THE City of Cape Town has rid itself of about 208 bylaws and policies, many left over from the apartheid era, to ensure that there is uniform zoning of land for business and residential use.

This is according to city councilor Garreth Bloor, who said on Thursday that this was part of the metropole’s overall strategy to make Cape Town more attractive for entrepreneurs and business in general.

“During the past eight years we have had to get rid of many of these laws we inherited from the apartheid era that were on the statutes of a number of municipalities that were incorporated into the city,” he said. Mr Bloor said this meant that the city had a uniform zoning policy across all its wards.

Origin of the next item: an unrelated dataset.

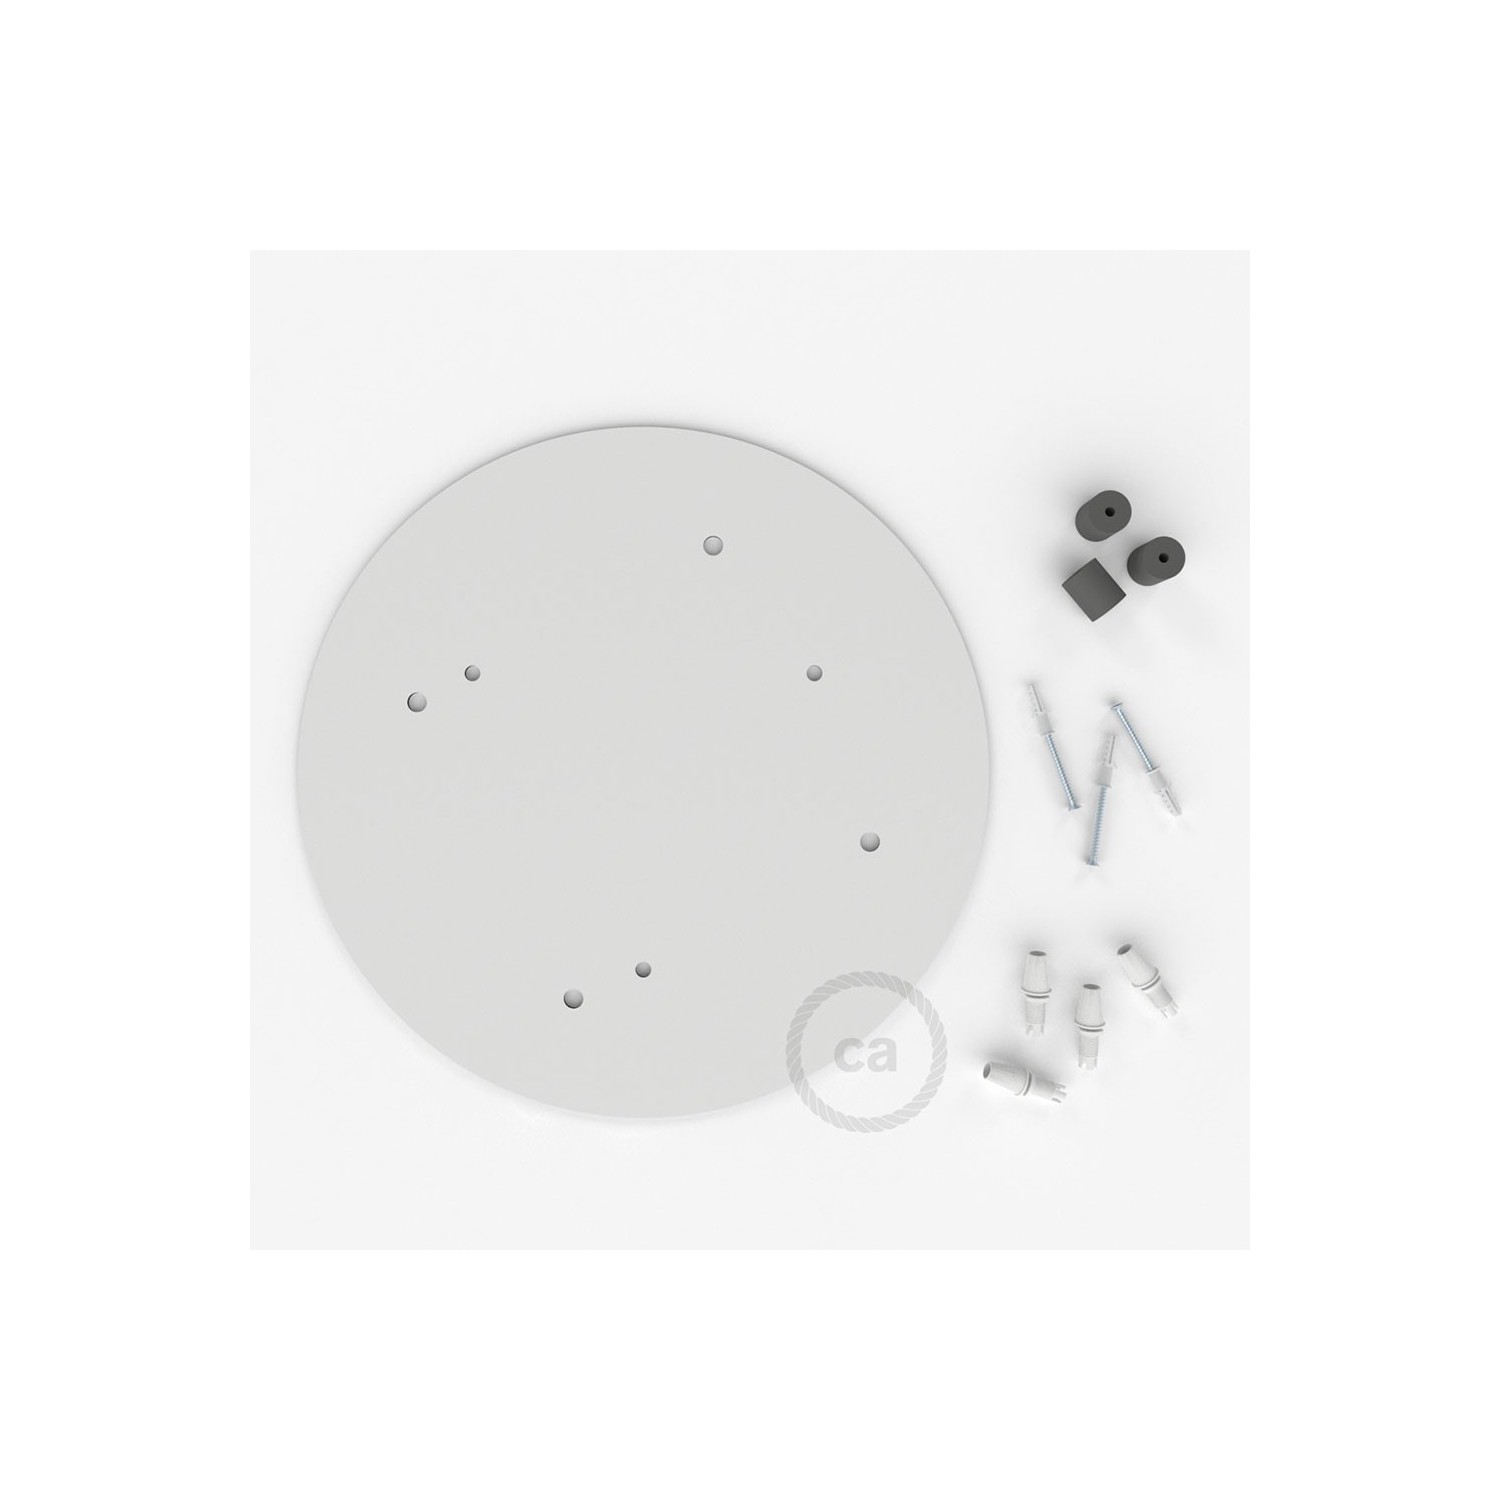 escudo XXL circular 35cm a 4 agujeros blanco completo de accesorios

In terms of the apartheid legislation, previous municipalities had passed bylaws that had prohibited the setting up of businesses, or certain types of businesses, in some of the townships that bordered them. These townships were now wards of the City of Cape Town and were administered in a uniform manner with the rest of the metropole.

“We are continually looking for ways in which to make Cape Town more attractive for businesses. This includes snipping away at the red tape that we may have, or helping them find the government department that has the competency that they are looking for,” he said.

Part of the strategy to cut red tape for entrepreneurs was the city’s plan to distribute posters that list the details and locations of 58 business-support organisations, including those operated by the various tiers of government and those operated by the private sector.

Mr Bloor said these posters would be distributed widely in the city as a reference for entrepreneurs.

“We are particularly interested in the entrepreneurs as they start businesses that create employment and generate wealth,” he said.

Mr Bloor said entrepreneurs included those who had just finished school and felt they could not gain admission to a tertiary education facility or did not want to study.

“Entrepreneurs have a creative spark that we need to stimulate the economy,” he said. “In March we are expecting a visit from a group of venture capitalists from the US city of Miami, who are very interested in what is going on here.”